AI my Stock Portfolio
My stock portfolio is spread across multiple brokers in different countries — Japanese stocks with one broker, European positions with another, investment funds in a third account. Each has its own dashboard, export format, and way of presenting performance. Relying on these dashboards as my single source of truth felt uncomfortable. What if a broker changes its interface or suspends my account? How do I compare positions across currencies, time horizons, and purchase dates?
I wanted local, inspectable, portable data ownership — files on my own disk that don’t disappear if a broker changes policy. Not just the raw transaction records, but the analysis process itself.
This post tells the story of how I built a suite of tools to solve that problem.
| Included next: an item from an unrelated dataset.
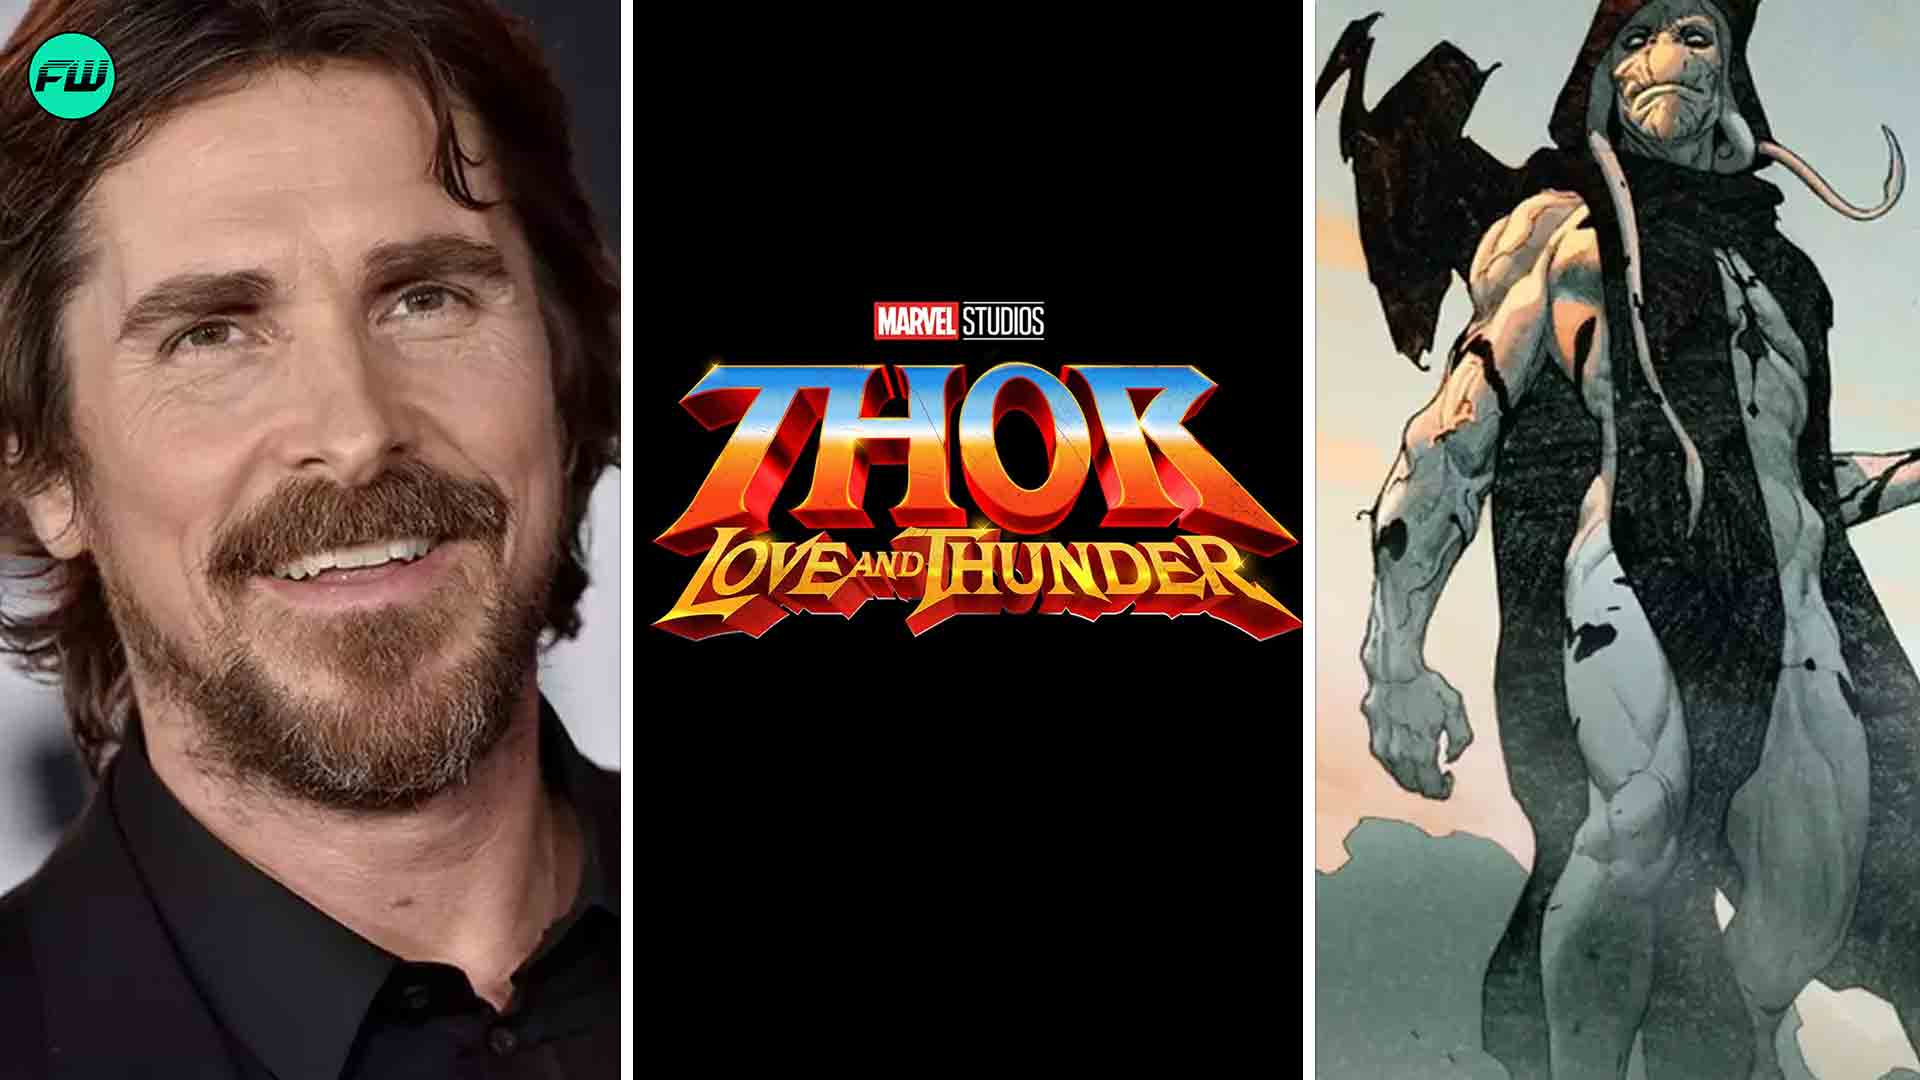 Christian Bale's Gorr The God Butcher Look In Thor: Love And Thunder  Revealed
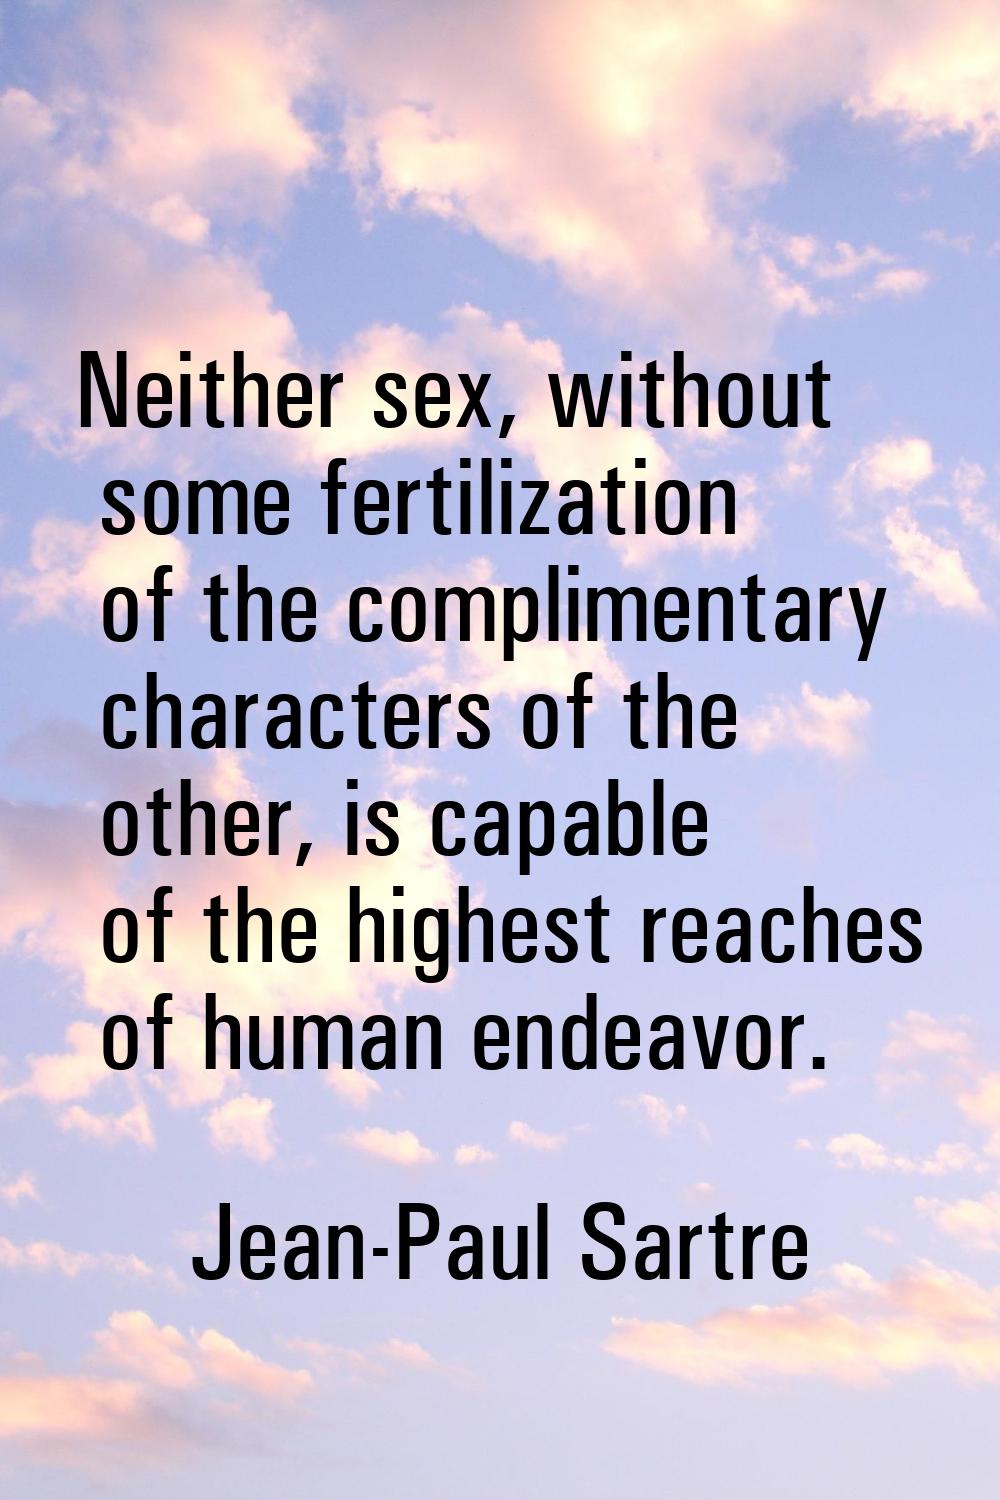 Neither sex, without some fertilization of the complimentary characters of the other, is capable of

But the real journey wasn’t about writing Python scripts — it was about discovering how to think about stock performance in the first place. This was also a trial run in using AI end-to-end: Gemini for strategic thinking and high-level concepts, Claude and VS Code Copilot for implementation and debugging.
- I Did Not Know How To Analyze Stocks
- AI as a Thinking Partner
- Performance Tool:
performance.py - From Retrospective to Prospective: The Conceptual Shift
- Research Tool:
research.py - Shared Architecture
- The Complete Framework
I Did Not Know How To Analyze Stocks
Having CSV files locally was necessary, but not sufficient. The harder problem was that I had no idea what “fair comparison” even meant across different holdings.
Raw percentage return is misleading when purchase dates differ. One stock I bought two months ago: +15% return. Another held for three years: +25% return. Which is actually performing better on a velocity basis?
Position size complicated intuition further. A large position with small upside felt emotionally safer than a small position with explosive growth, even though that’s irrational. My judgment was distorted by exposure size, not performance quality.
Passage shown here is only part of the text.